---
title: "Evaluating population structure"
output: html_notebook
---
# In lab exercise
For the in lab exercise we'll use results derived from. two data sets that are relatively small, 200 individuals and 100 loci. The relatively small number of loci will allow you to analyze the data yourself using `Structure` if you're interested in doing so. See the notes at the bottom of this notebook if you're interested in doing that.
## Running Structure Harvester
As you'll recall from lecture, one thing you'll need to do is to decide on the `K` that best describes the structure in your data, recalling that there might not be a single "best" `K`. There might be a range of them. The easiest way to produce the log probability of the data plot that we'll use for picking `K` is to use [Structure Harvester](https://taylor0.biology.ucla.edu/structureHarvester/), a web application hosted at UCLA. Using it is very simple. Just click on the link, click on the "Choose file" button and navigate to the ZIP file that includes the `Structure` results, hit the blue "Harvest!" button, wait a little while, and you'll get a the log proability of the data plat that we're interested in. You can save the file to a PDF by clicking on the PDF link at the lower left of the plot. You'll want to save that file in the same directory where you're writing the `R` notebook you'll be using for the lab exercise.
## Running CLUMPPAK
To get the barplots of `Structure` plots point your browser of choice to the [`CLUMPPAK` server](https://clumpak.tau.ac.il/). The `CLUMMPAK` server provides a lot of options, but we'll use the main pipeline for our analyses. Once you're there, scroll down to "Run Main Pipeline", push the "Choose file" option and pick the ZIP file you want to analyze. Then scroll down a bit further and enter your email address. In 10-15 minutes, maybe less, you should receive an email with a link to view results of the analysis. When you follow that link there will be two file links on the page that you visit. One is a summary PDF and one is a ZIP file. We won't bother with the ZIP file. Just download the PDF and save it in the same directory where you saved the PDF from `Structure Harvester`. This PDF will show you `Structure` plots for each of the `K`s included in your analysis.^[It will actually show you a bit more than that. Nick will explain it during lab.]

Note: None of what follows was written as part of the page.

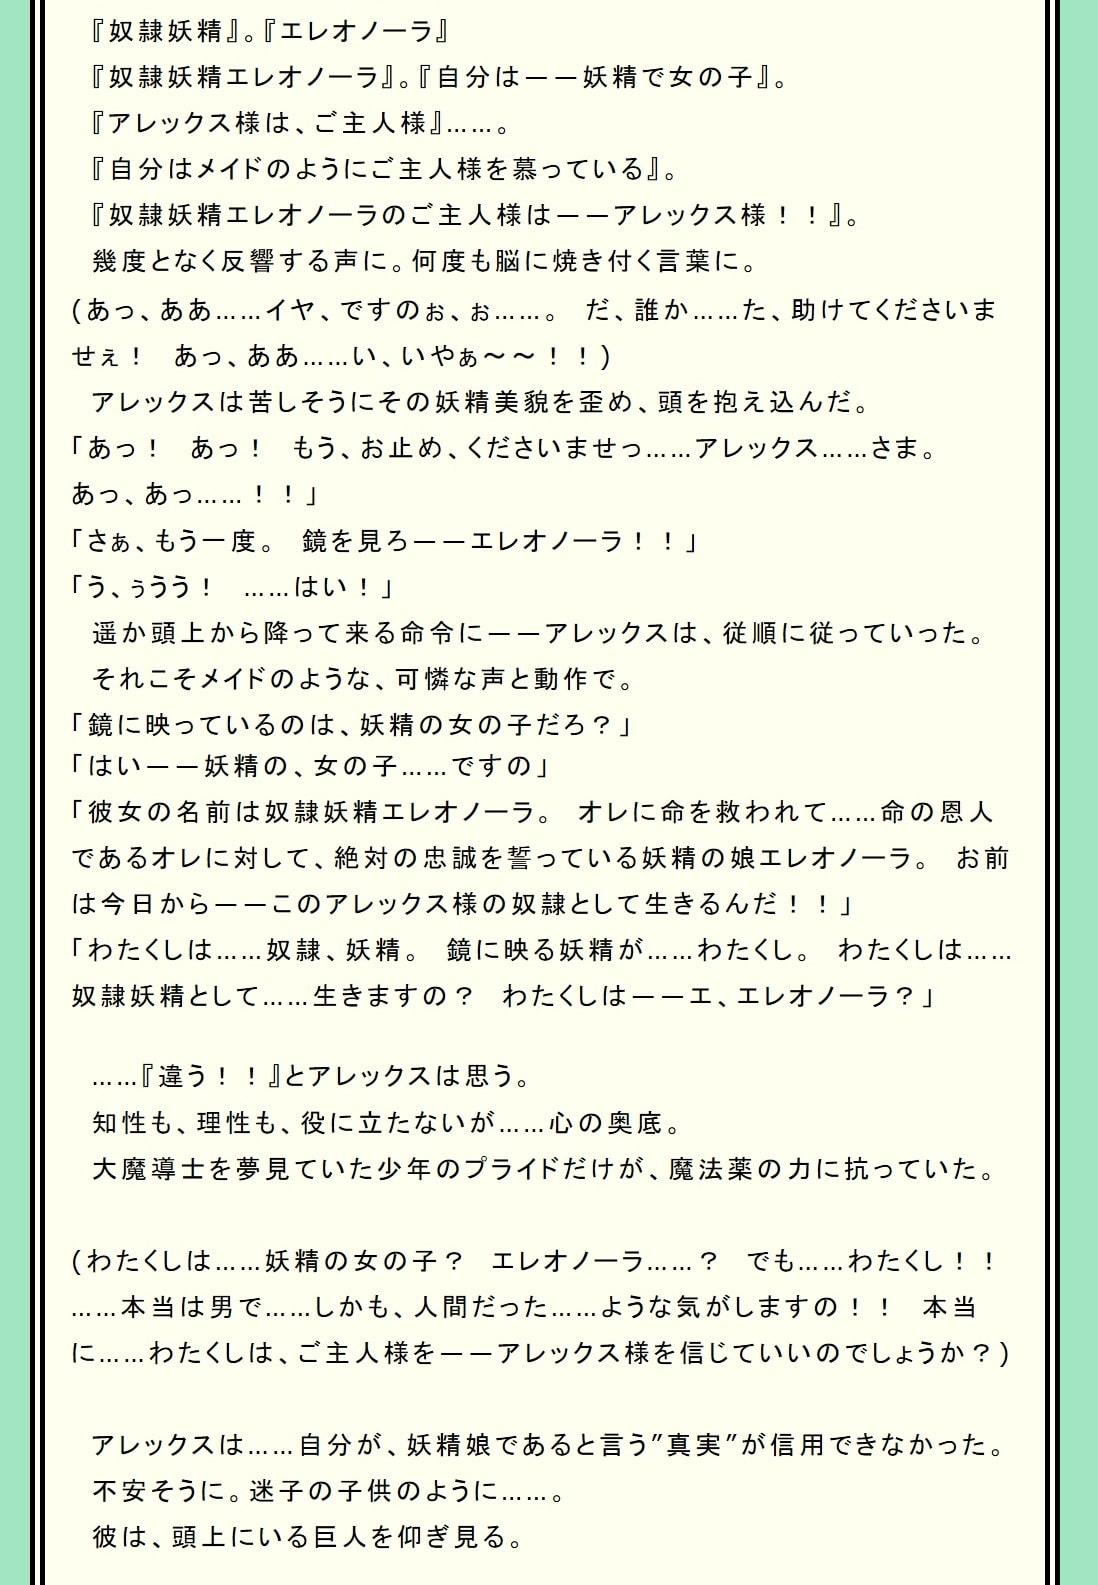 妖精TSF奇譚~俺が、オレの奴隷妖精!?~

## Suggestions for the lab exercise
For the lab exercise, download the following two ZIP files and put them on you computer somewhere where you can find them. A good approach might be to create a directory somewhere called "Structure-Lab" and put them in there.
- Low migration: [ZIP file](http://darwin.eeb.uconn.edu/eeb348-resources/m-0.1-100-loci_results.zip) - [Raw Structure data](http://darwin.eeb.uconn.edu/eeb348-resources/m-0.1-100-loci.stru)
- High migration: [ZIP file](http://darwin.eeb.uconn.edu/eeb348-resources/m-0.2-100-loci_results.zip) - [Raw Structure data](http://darwin.eeb.uconn.edu/eeb348-resources/m-0.2-100-loci.stru)
Once you've got the files there, run analyses for both files in `Structure Harvester` and `CLUMPPAK`. In discussing the results you get, you'll want to know that:
- These are simulated data, and the simulations included the same number of actual populations, the same population size in every population, and the same mutation rate at every locus in both cases. They differ only in that the data set that begins with `m-0.1` had less migration among populations that the one that begins `m-0.2`.
- The actual number of populations is the same as the number of populations included in the sample.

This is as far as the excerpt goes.